In patients with cardiovascular disease, physical examination is the primary step in evaluating the presence and severity of fluid retention in those with possible heart failure.2,6 The appearance of pulmonary crackles is among the most important signs of congestive heart failure. The accuracy of detecting crackles for diagnosing the deterioration of heart failure, however, varies greatly across studies: sensitivity 13% to 70%, specificity 35% to 100%, positive predictive value 19% to 100%, negative predictive value 17% to 85%.18 This variable accuracy among studies might be explained by at least 2 factors, ie, the population studied and the definition of crackles.19
First, the utility of a test is always determined by the nature of the population studied and can only be generalized if it is representative of other populations likely to be of interest.
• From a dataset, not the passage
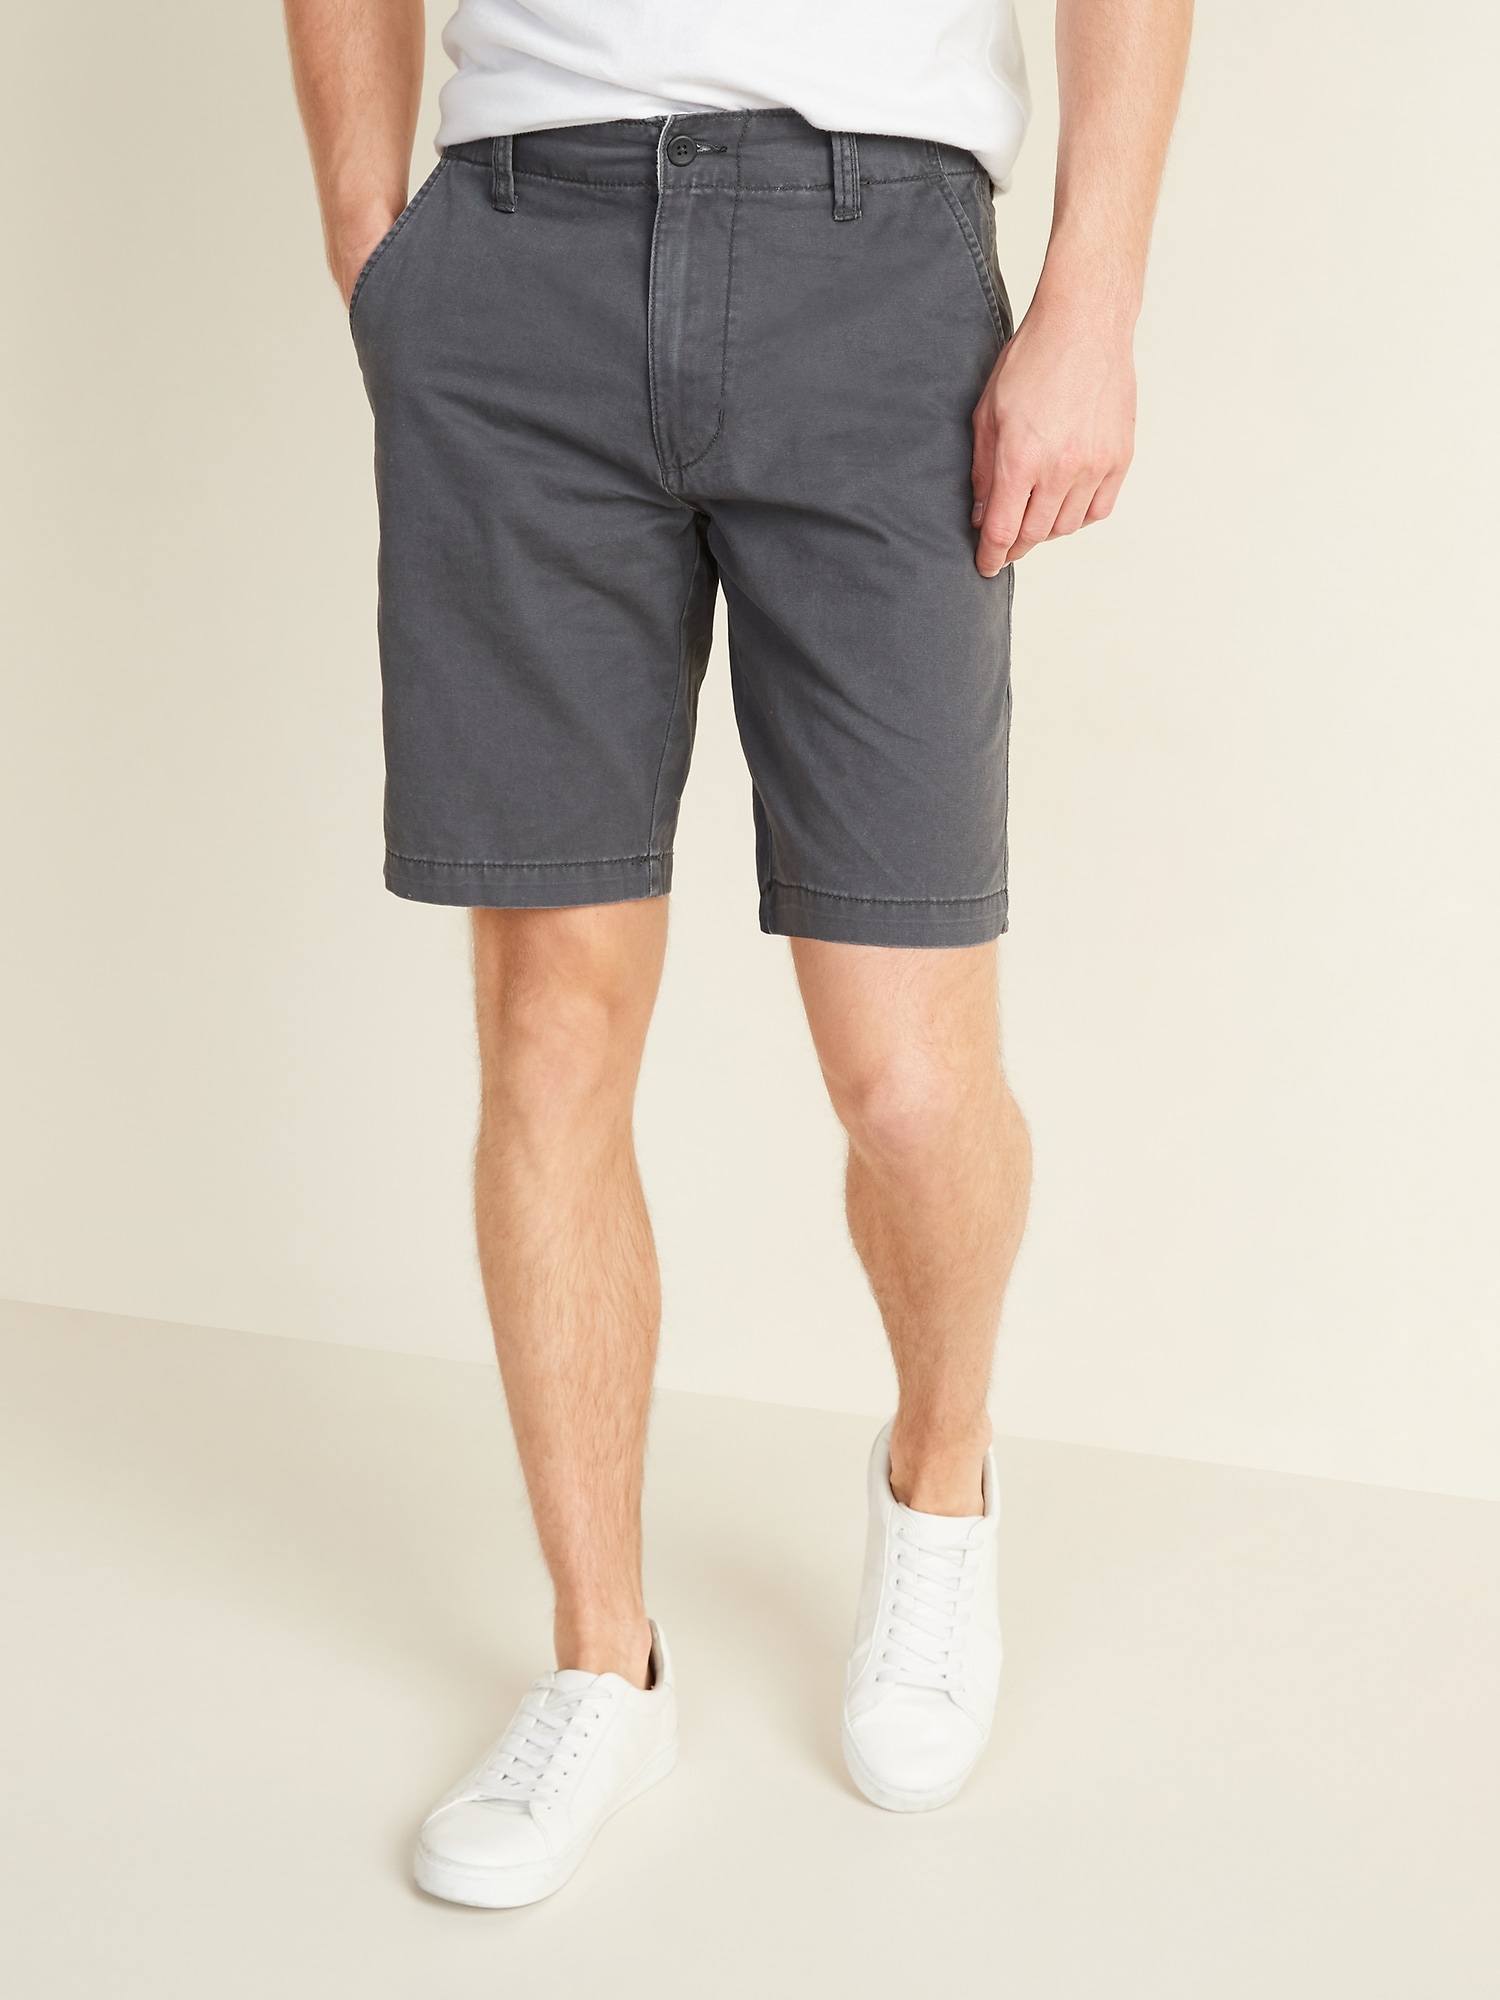 Lived-In Straight Khaki Shorts for Men - 10-inch inseam

Thus, although pulmonary crackles ought to be a very specific sign, sometimes they are not, perhaps because crackles related to heart failure are so easily confused with those of interstitial fibrosis, pneumonia, and bronchitis.4,14 Recognition of age-related crackles is important because such crackles are so common among apparently normal elderly patients with cardiovascular disease that their existence in the population of interest would additionally aggravate the specificity for diagnosing heart failure status.
Second, the criteria required for determining the crackles related to heart failure also affect the accuracy of the test results for heart failure diagnosis. Many previous studies, except several,16,20,21 lacked definite criteria for diagnosing the presence of crackles related to heart failure, and the mere presence or absence of the crackles was often expressed as the definition. The nature of the age-related crackles in our study, ie, restriction to the lower quadrant of the lung field, would partly support the notion of Stevenson et al16 that physical evidence of pulmonary congestion might be specific for grade 2 or 4 crackles, not for grade 1, but such strict criteria resulted in low sensitivity for diagnosing congestive heart failure.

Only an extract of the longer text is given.